Акимка понял, что в очередной раз влип, но помощь пришла совершенно неожиданно.
— Уймись, Глашка! — Акимка узнал статную фигуру Агафьи Рудых. — Впрямь, уж совестно всем тебя слушать. Такого языком наплетет, руками не расплетешь. Ступай-ка ты к Еремке. Ему бреши. С него все, как с гуся вода. Он тебя и ел у хает да не разумеет. Иди себе, дай нам потолковать.

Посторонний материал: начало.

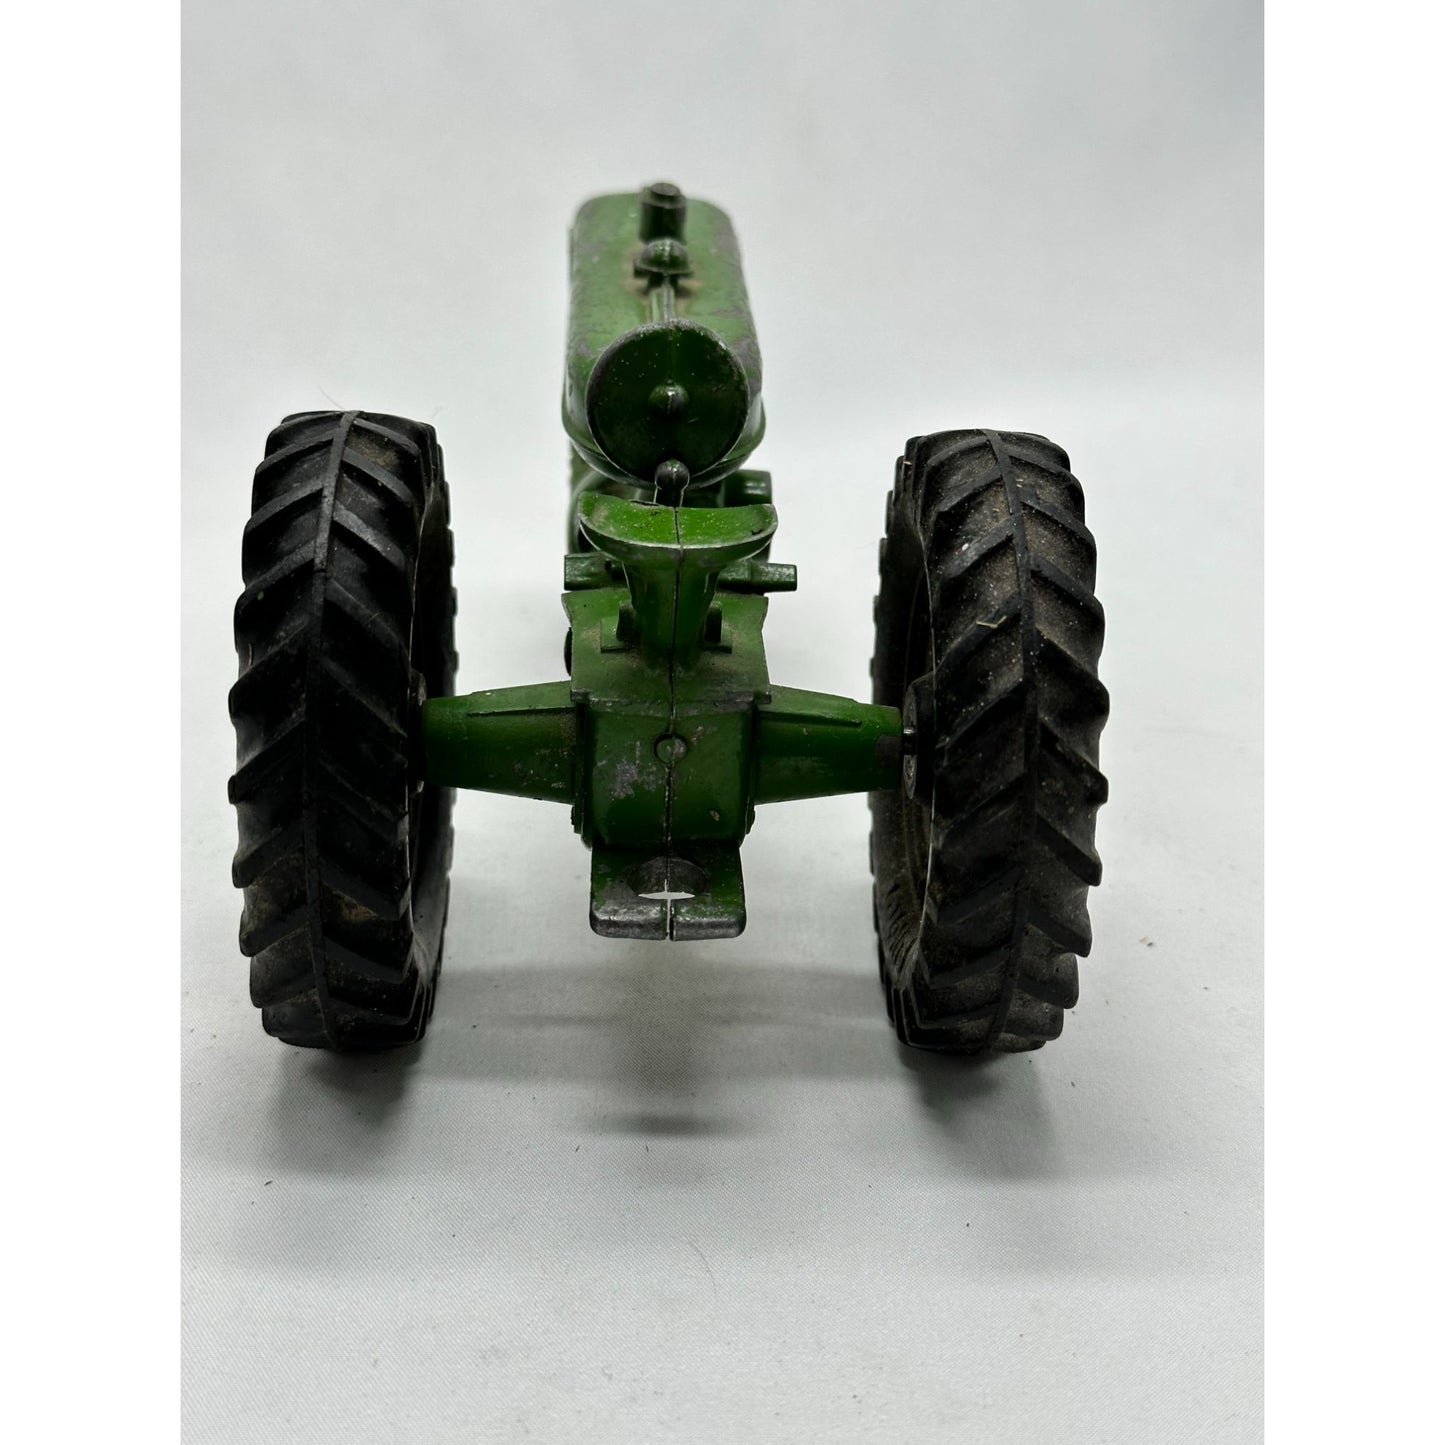 Antique Vintage Diecast Metal Green Farm Tractor Toy Collectible Rare Find

— Была охота! — фыркнула Глашка, но подчинилась, приговаривая: — Что я, татарка что ли? Сдался мне он! Еще спужается, нянчиться с ним потом, как с младенчиком. Могу и Еремку в придачу отдать. Нет, девки, упустила я того чечена раненого! Вот был мой жених по всему! Ну ничего, мне Фомка за Тереком другого найдет, тоже с красной бородой…
— Давай, Акимушка, присядем здесь, от этих горлопанов подале, — сказала Агашка. — Ужас, как надоели! Что же ты на гулянки перестал ходить? Неужто из-за чеченки твоей?
— Да нет, — буркнул казак, — служба вот…
— Знаю твою службу. А ведь чеченка эта — не твоя. Фомкина она. Я-то уж знаю. Это Глашка дура брешет что ни попадя, а я-то знаю, что для дружка ее ты бережешь, его из-за Терека поджидаешь. Добро его стережешь. Так я говорю?
— Да не совсем так.
— Конечно, не совсем так. Велико ли добро! Тут Глашка брехливая права.
Агашка пододвинулась к нему вплотную. Бедро ее было такое горячее, хоть прикуривай. Акимка хотел отодвинуться, но не смог. Тепло ее передалось и ему, побежало по ногам, перехватило дыханье.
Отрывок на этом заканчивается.